Edna Suárez-Díaz (*), Gisela Mateos (**) and Ana Barahona (***)

(*) orcid.org/0000-0003-2259-3110. Departamento de Biología Evolutiva. Facultad de Ciencias, UNAM. ednasuarez@ciencias.unam.mx
(**) orcid.org/0000-0003-4288-4775. Centro de Investigaciones Interdisciplinarias en Ciencias y Humanidades, UNAM. gisela.mateos@unam.mx
(***) orcid.org/0000-0001-7765-6444. Departamento de Biología Evolutiva. Facultad de Ciencias, UNAM. ana.barahona@ciencias.unam.mx

 

 

During the last decades we have witnessed an explosion of historical research on science during the Cold War period¹. The availability of archival and other historical resources, and the recognition that the social history of this period cannot be written without acknowledging the contribution of science and technology, are some of the reasons behind the accumulation of historical research on this period. Moreover, salient features of contemporary science, including the primacy of governmental over private financing of scientific research, have their roots not only in the post war configuration of science, but in Cold War anxieties that defined research priorities between the late 1940s and the 1980s. National security concerns, and its correlate, international collaboration, are also part of what today define the practice of science around the globe. International and bi-national agencies were created in this period and played a crucial role in the internationalization and standardization of science.

The recent historiographical interest on the "transnational" character of science intersects many of the Cold War themes. As mentioned above, international collaboration and the role of transnational agencies of patronage have been a constant subject in the field, as is the emphasis on the movement of people, materials, idea and instruments across national borders. It is true that these displacements did not start with the Cold War; however, the scale of international collaboration and interventions is not equaled by previous periods, and this fact reaches the historical profession too. A necessary reflexive stance should recognize that we, historians, are embedded in the discourse of globalization. In this context we suggest that transnational history could reconfigure the professional field of the history of science by making visible places and actors that remained invisible in national and Western-centered narratives, and particularly for the Cold War literature, on the bi-polar confrontation between the USSR and the United States.

In a recent volume on the transnational turn in the history of science, Simone Turchetti, Néstor Herran and Soraya Boudia² claim that the amount of historical research on transnational science has not been accompanied by a thorough theoretical reflection on what this perspective offers to its practitioners. Answering the question of what the transnational turn is, they distinguish between a "set of tools" and a "way of seeing". In our view both aspects are closely related. The tool kit of the transnational historian seems to require enormous resources in terms of the number of people involved, financial support (to travel to different countries and archives), and linguistic skills, but also a set of questions that transcends the purely national context and follows practices across borders. Among these, how international or global scientific consensus has been produced, or how the standardization of techniques and instruments has taken place across different cultures, stand out. Internationalization also has other effects. Abir-Am, for instance, extends the impact of "transnational affiliates" in the emergence of the transdisciplinary field of Molecular Biology³. This special dossier includes cases that make reference to scientific projects in East and West Germany, as well as in Mexico, Oxford, and the International Atomic Energy Agency (IAEA).
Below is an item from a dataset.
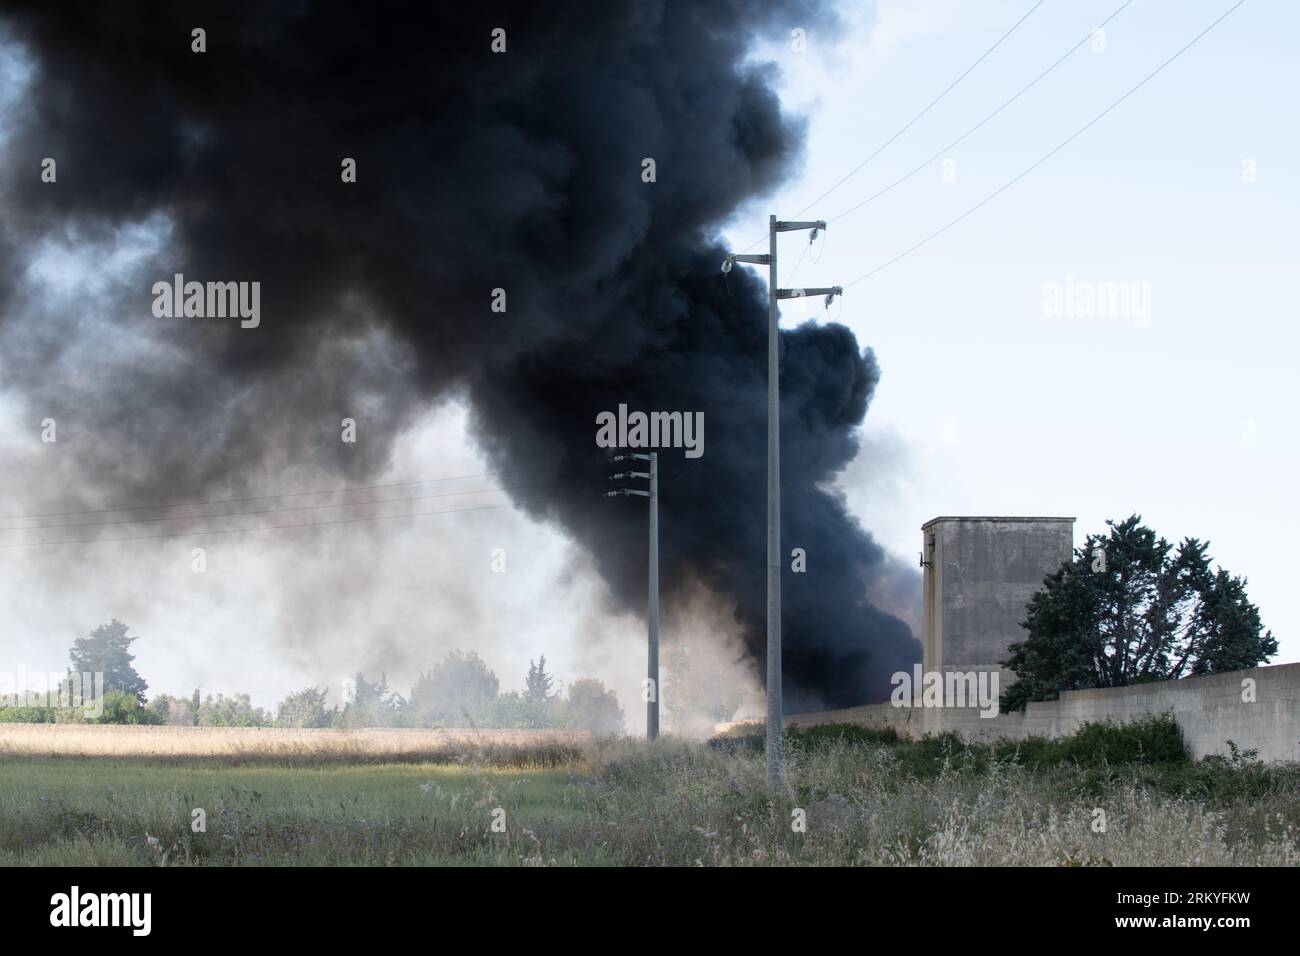 Provinz Lecce: Feuerrauch in einem Autolager Stockfoto
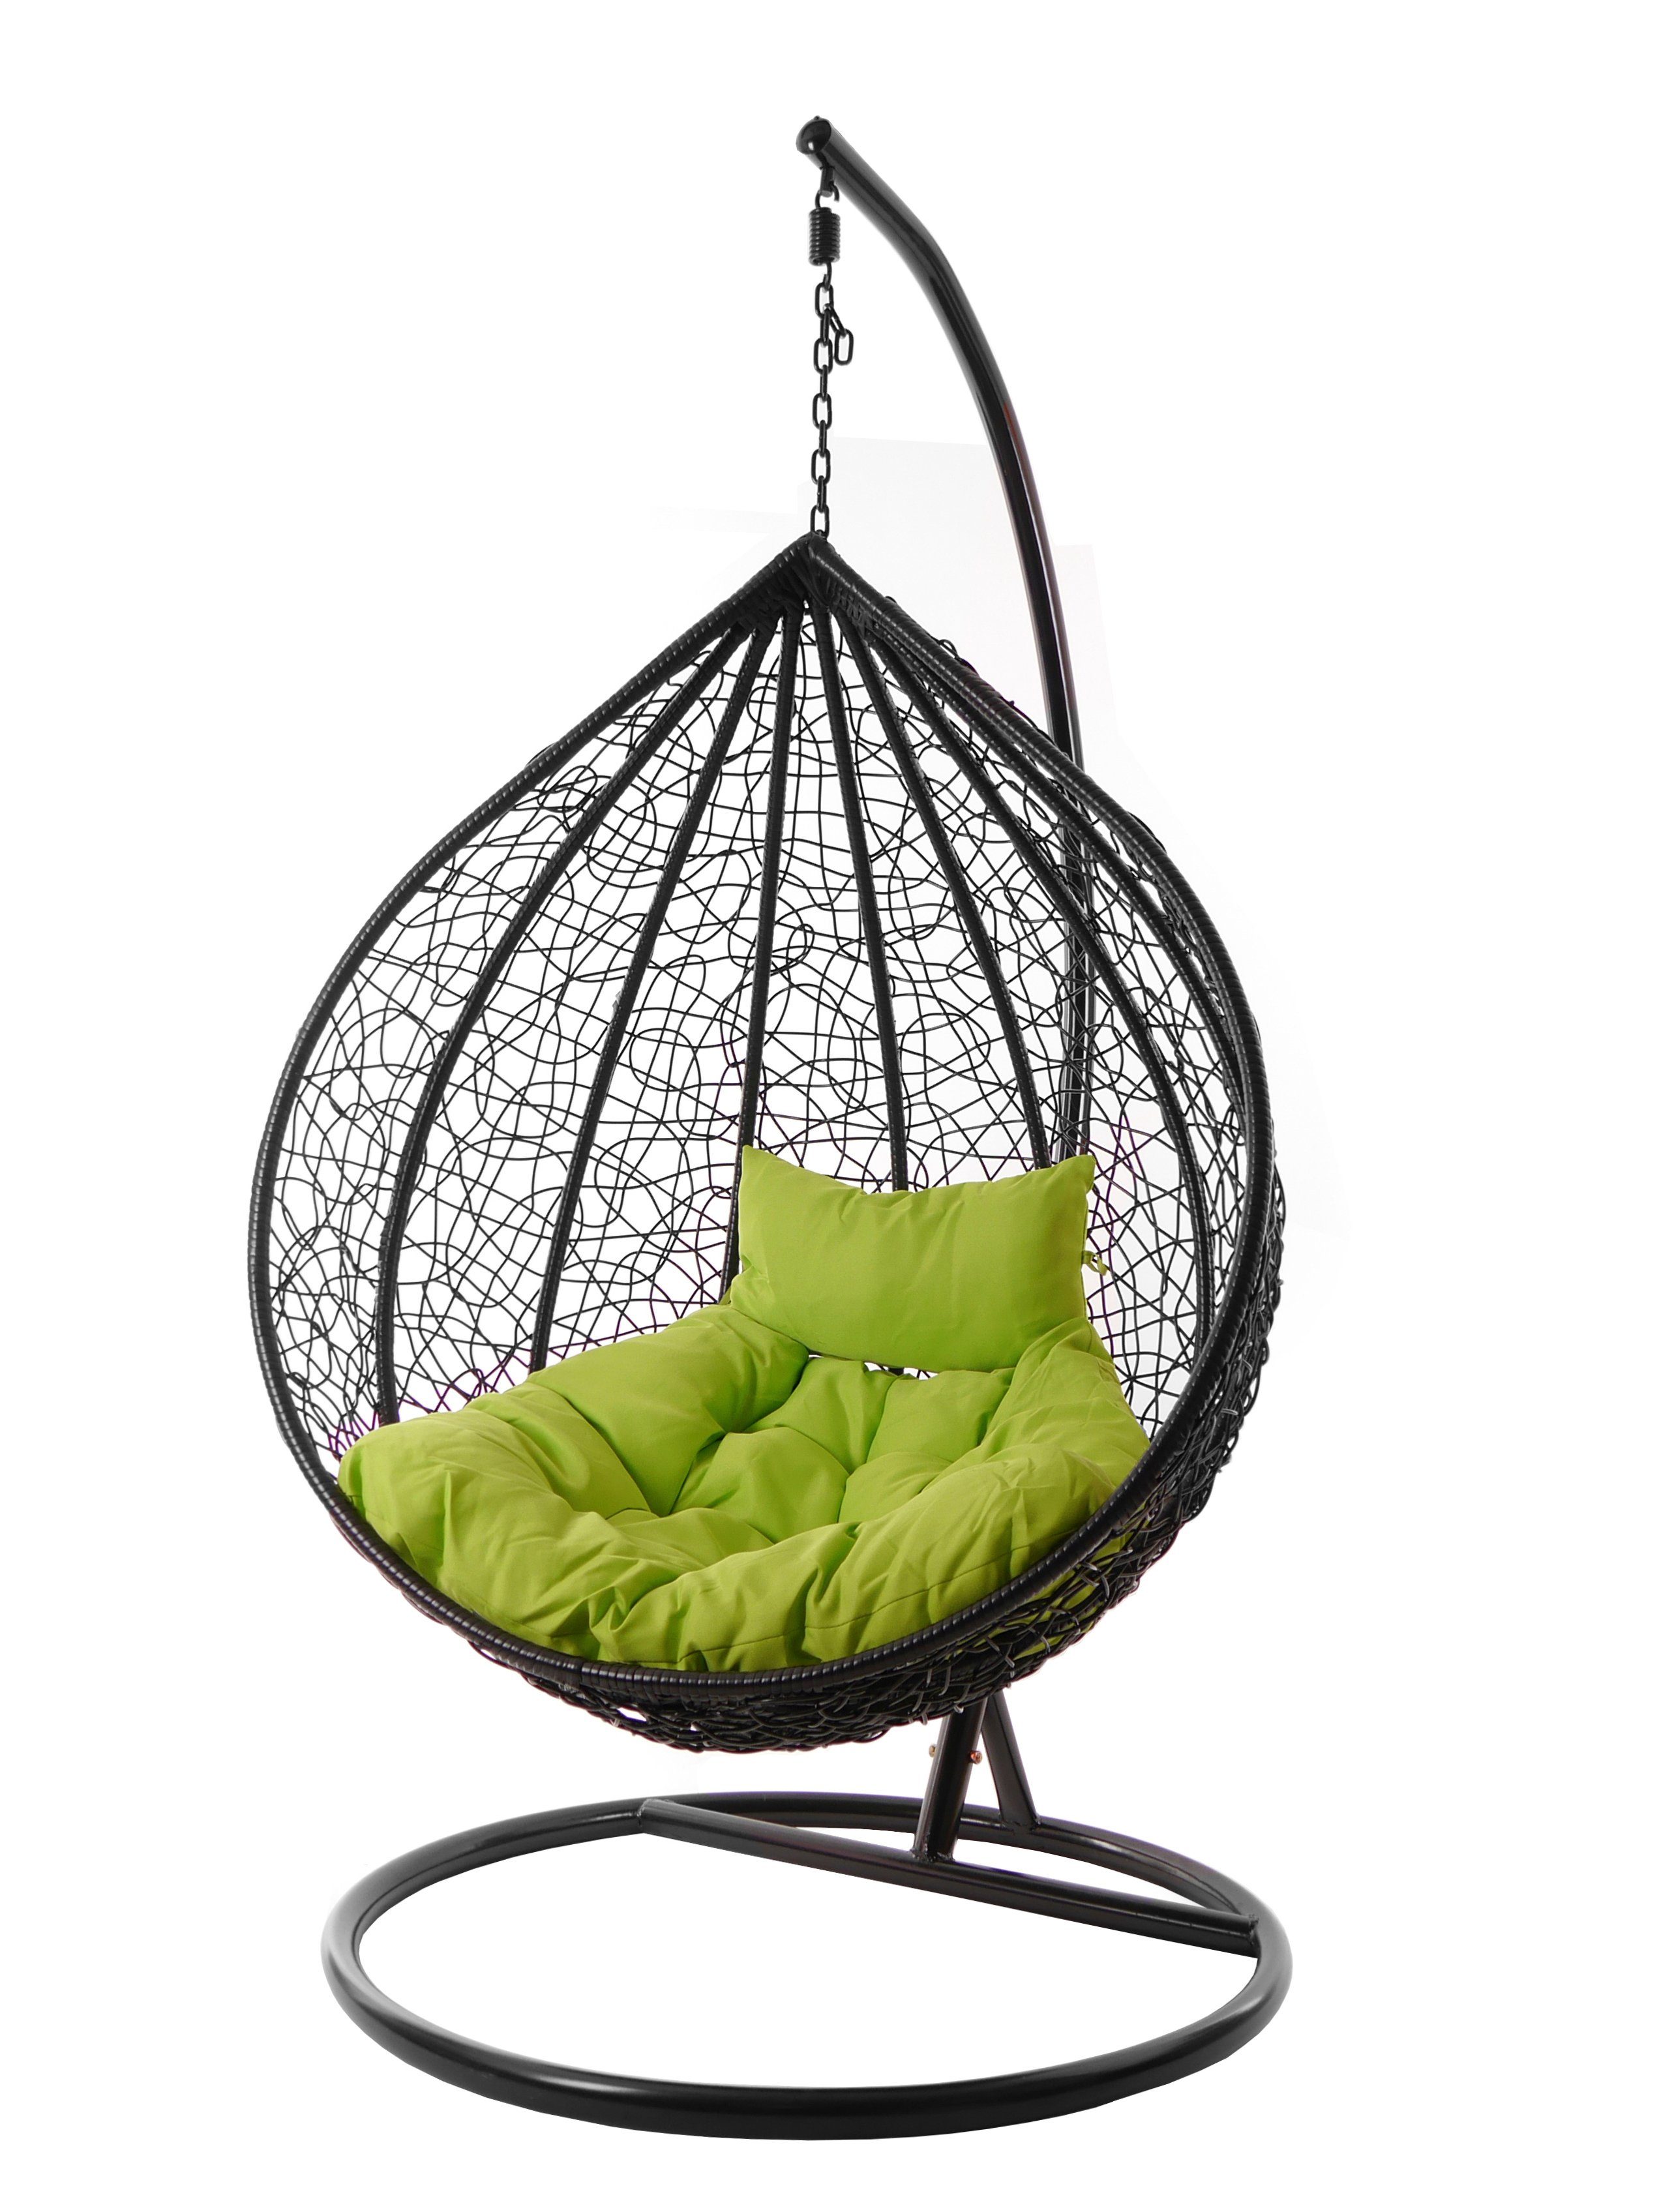 Swing Schwebesessel schwarz, schwarz, apple green) moderner Chair, Hängesessel Gestell (6068 KIDEO edles Hängesessel inklusive Kissen MANACOR apfelgrün und

However, these are not the usual local accounts. All of these projects reached beyond national frontiers: Mexico and its convoluted relation with the United States; East Germany and its relation to the USSR and West Germany; the IAEA and its failed attempts to transform agriculture through mutation breeding in the Third World; or the World Health Organization chromosome world surveys performed from the United Kingdom. The level of scientific exchanges that these papers illustrate challenges national traditional accounts of the period. These exchanges had been promoted starting in the late 1940s but intensified by the mid 1950s, as a result of development programs and the Atoms for Peace initiative.
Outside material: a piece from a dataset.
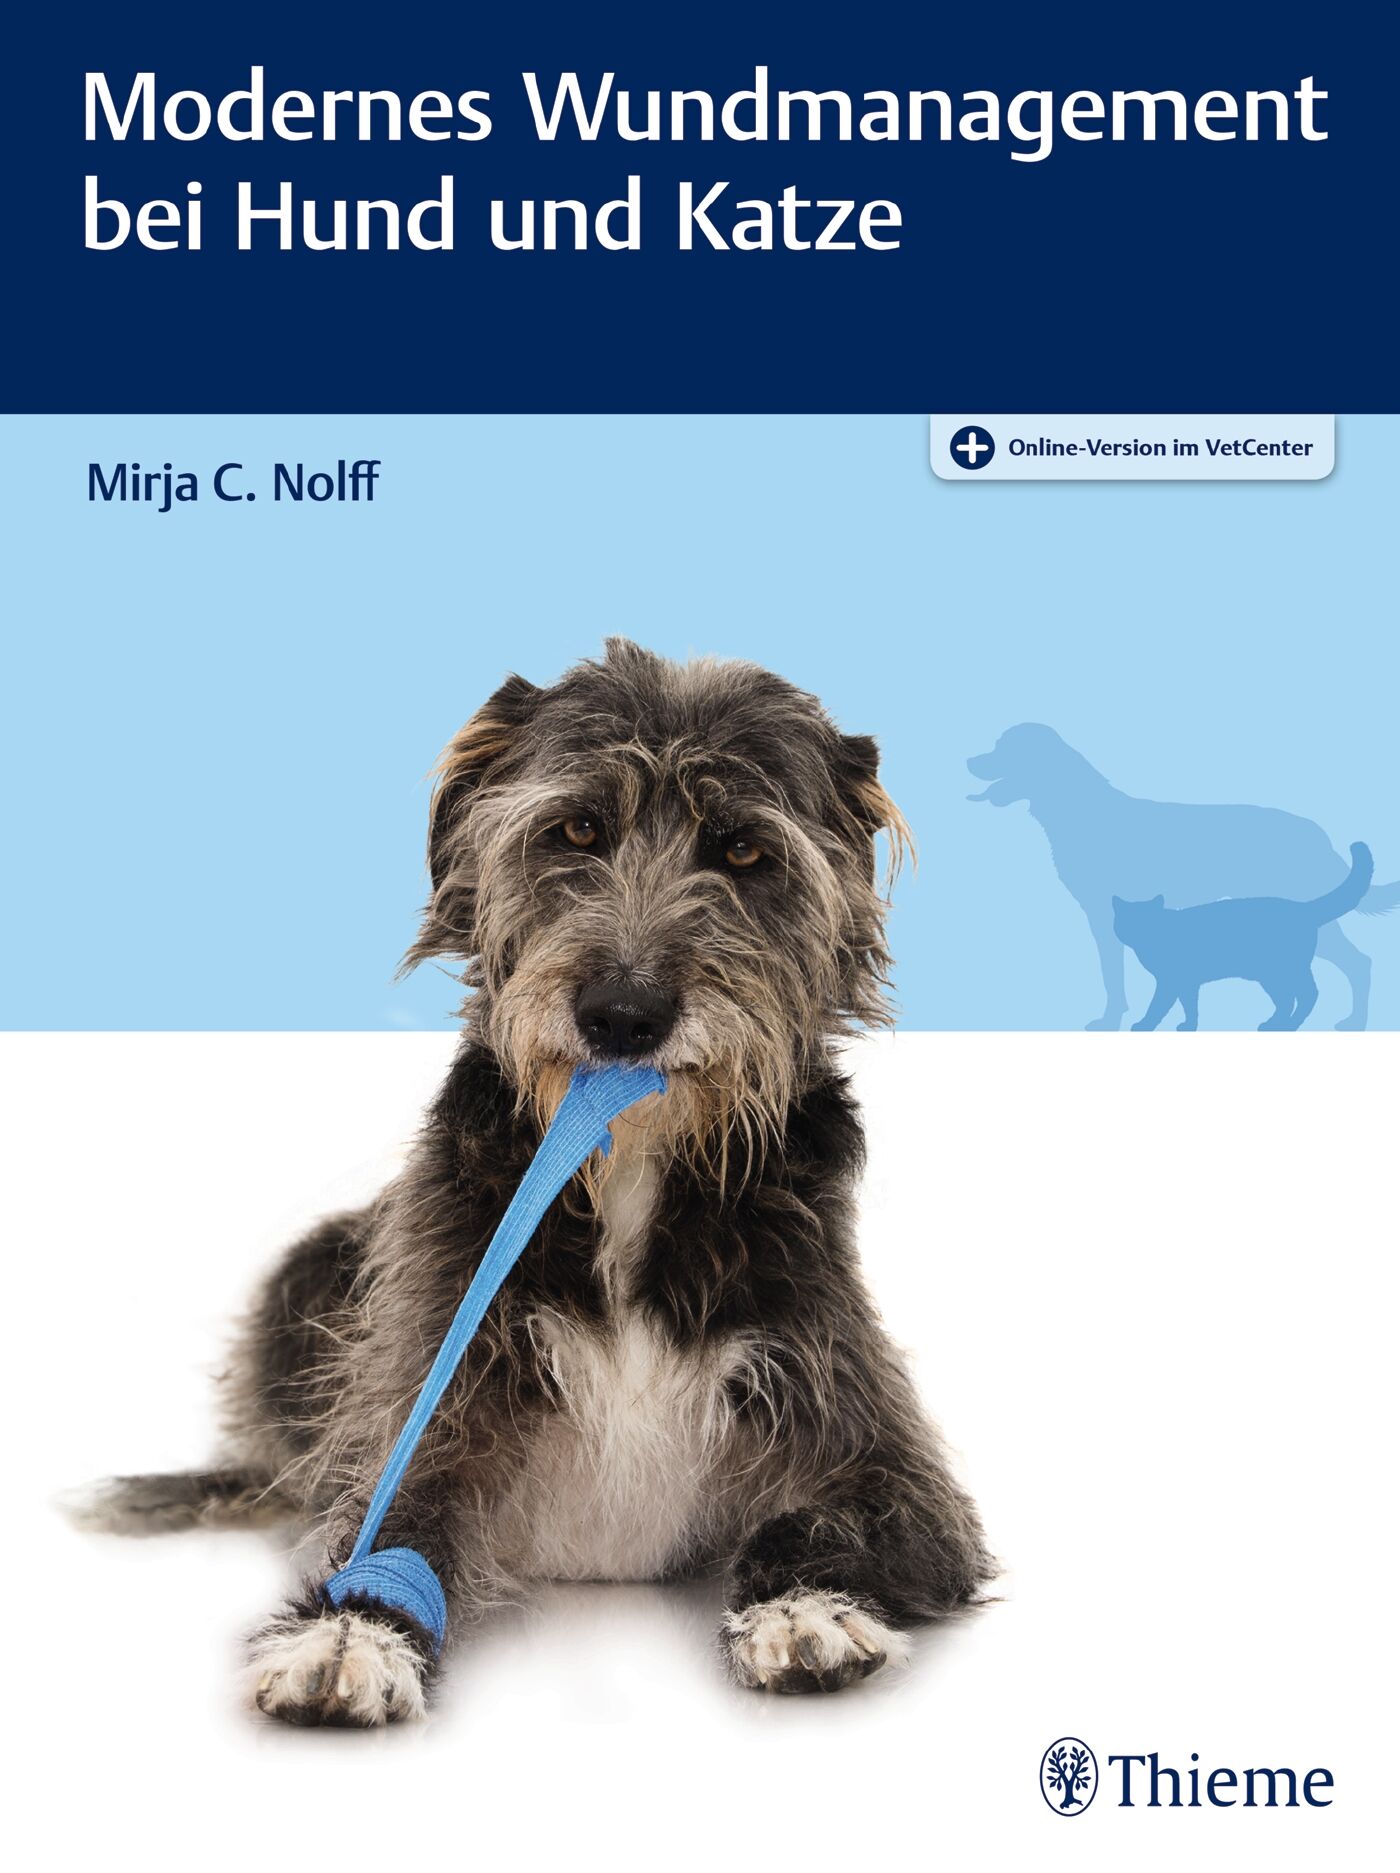 Modernes Wundmanagement bei Hund und Katze, 9783132427174

Now, how did the global movement of knowledge between West-and-East, and North-and-South played out in the local configuration of Cold War scientific practices? Not all research carried out during this period can properly be explained by global or bi-polar tensions. Collaboration and international aid (as in development programs) played a crucial role. Moreover, the relation between North and South was equally politically charged as the East-West relation during the Cold War⁴. As a transnational model, the discourse of development not only dominated the North-South relations during the period, but created the very dichotomy of a developed and an underdeveloped world; the imagined geographies -representing the First World and the Third World-, cut the world along a line that implied the movement of technoscience (sometimes, second hand technologies, as shown in Jacob Hamblin's paper) in one direction, but the obligation to give and accept different things and symbols in two directions. The uses of nuclear technologies were understood as one of the high points of development policies during these decades; this fact was recognized by all parts involved in it. Is in this context that the Third World, which was target for most of the technical assistance programs at the IAEA, is also a fundamental actor for understanding the mobilization of practices, people, and resources during this period.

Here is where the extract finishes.